12 Aralık 2010 Pazar

Hacer

İlkokulda birgün din dersinde öğretmen "kıyamet günü mahşer yerinde toplaşınca insanlar, kimse kimseyi tanımayacak" demişti; "anneler bile çocuklarına bakacak durumda olmayacak, herkes kendi derdine düşecek"...

Eve gelip anlatmıştım bunu sana. çok korkmuştum, ağlamıştım. Beni korkutan şey kıyamet günü falan değildi; hayal ettiğim o kaos içinde sensiz kalmaktı. Sen de şöyle demiştin: "merak etme, o gün geldiğinde bile ben sizi bırakmam" Nasıl rahatlamıştım.

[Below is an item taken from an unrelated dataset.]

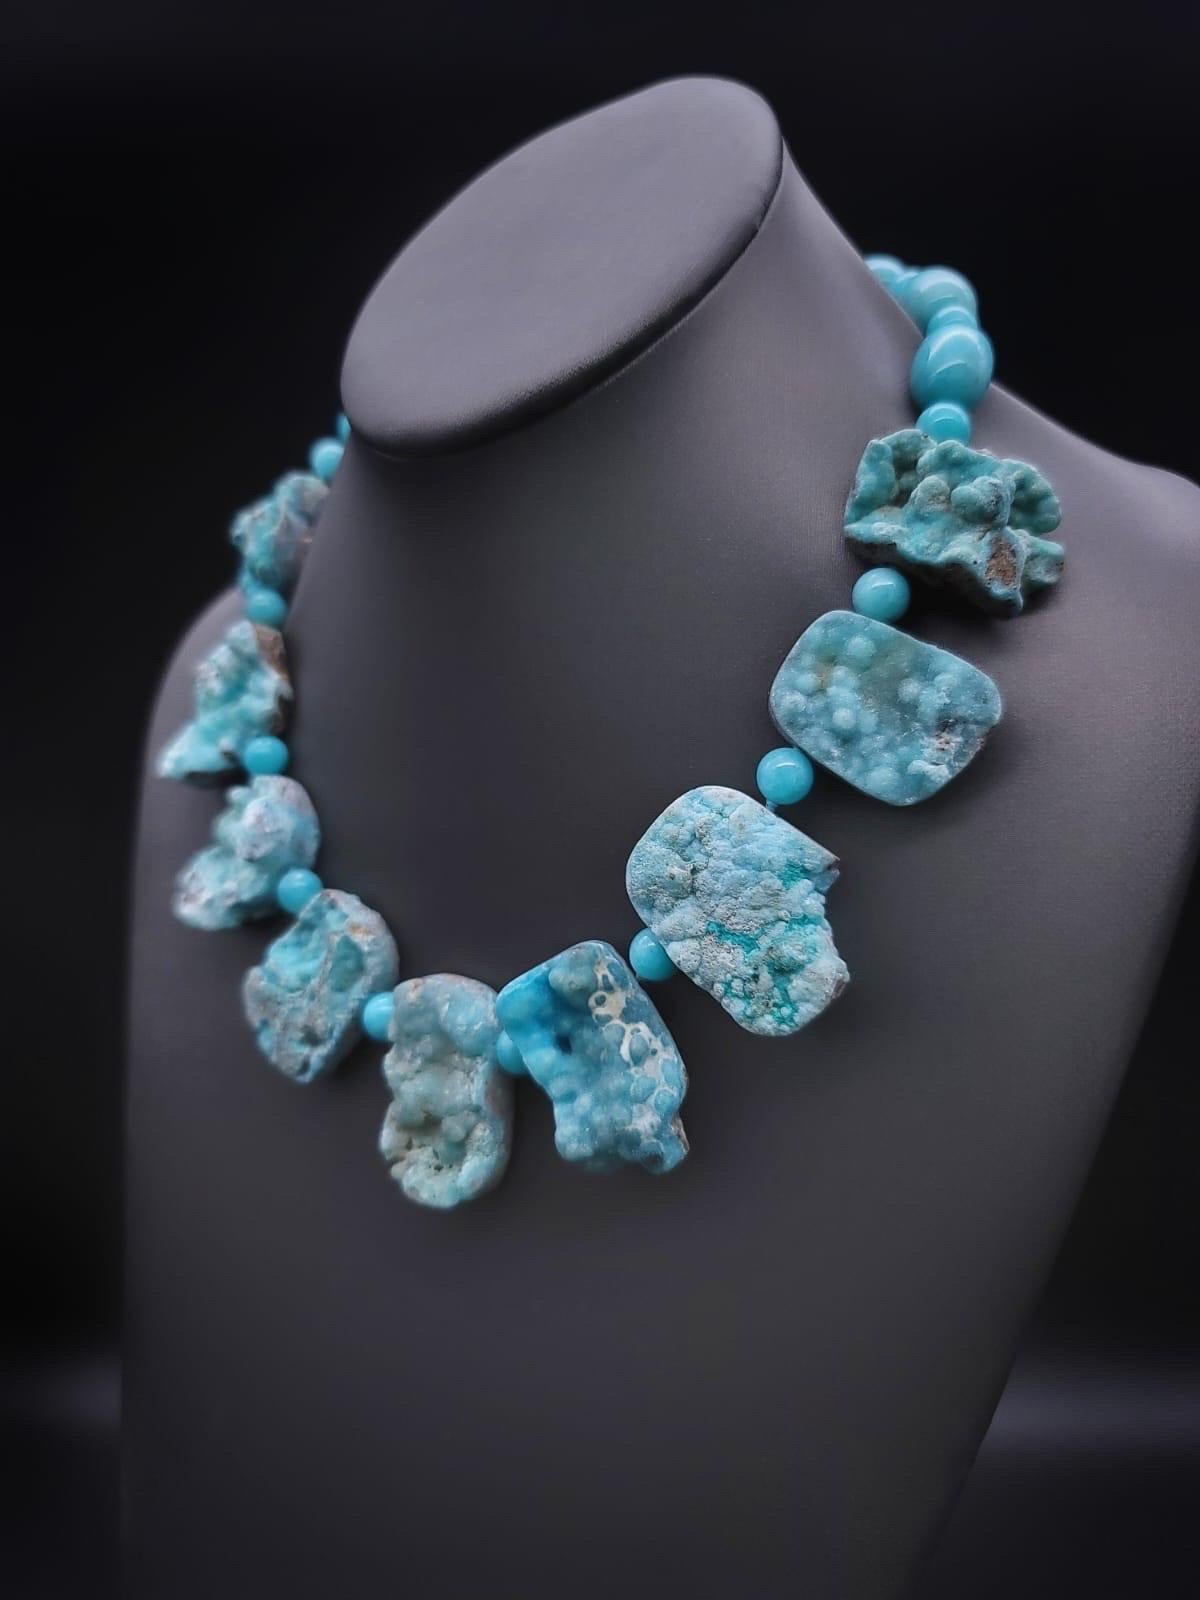 Mixed Cut A.Jeschel Exotic Hemimorphite plates necklace. For Sale

O kadar güzeldin ki biz çocukken. Nasıl gururlanırdım sen okulun kapısından girdiğinde. "Bu güzel, asil, akıllı, gururlu kadın benim annem" Nasıl saygıyla bakardı sana komşularımız, arkadaşlarımın anneleri ve ailemizdeki diğer kadınlar...

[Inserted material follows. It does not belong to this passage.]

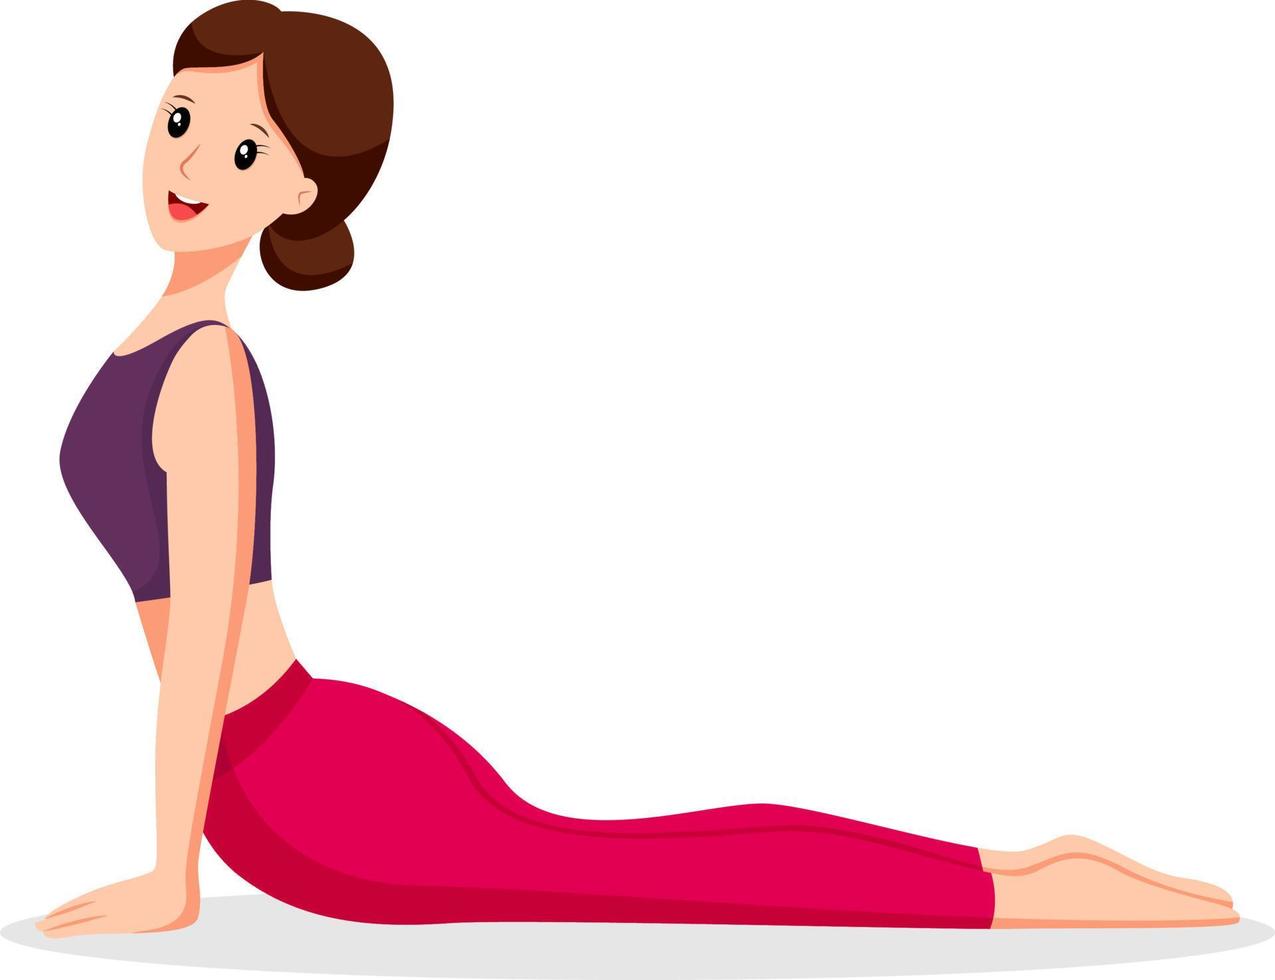 Young Woman Yoga Position Character Design Illustration vector

Ve o kadar güzelsin ki şimdi, biz kocaman çocuklarız hala.. Senin yaşına geldiğimde senin kadar vakur, asil ve güzel görünmek istiyorum.

"Akıllı ananın deli kızı alınırmış da, deli ananın akıllı kızı alınmazmış" dersin ya hep, akıllı ananın deli kızı olmaktan duyduğum onuru ölene kadar taşıyacağım.

Hayatta yaptığın herşeyin hakkını verdiğin için,

Sağduyundan ve asaletinden hiç vazgeçmediğin için,

Sadece hissettiğin gibi davranarak bizi adam ettiğin için,

Bizi herkesin yanında gururlandırdığın için,

Ve her gün arkadaşlarımın yanında "annemin bir lafı vardır..." diye başlayan konuşmalar yapmamı sağlayacak kadar "kendine has" olduğun için seni seviyorum.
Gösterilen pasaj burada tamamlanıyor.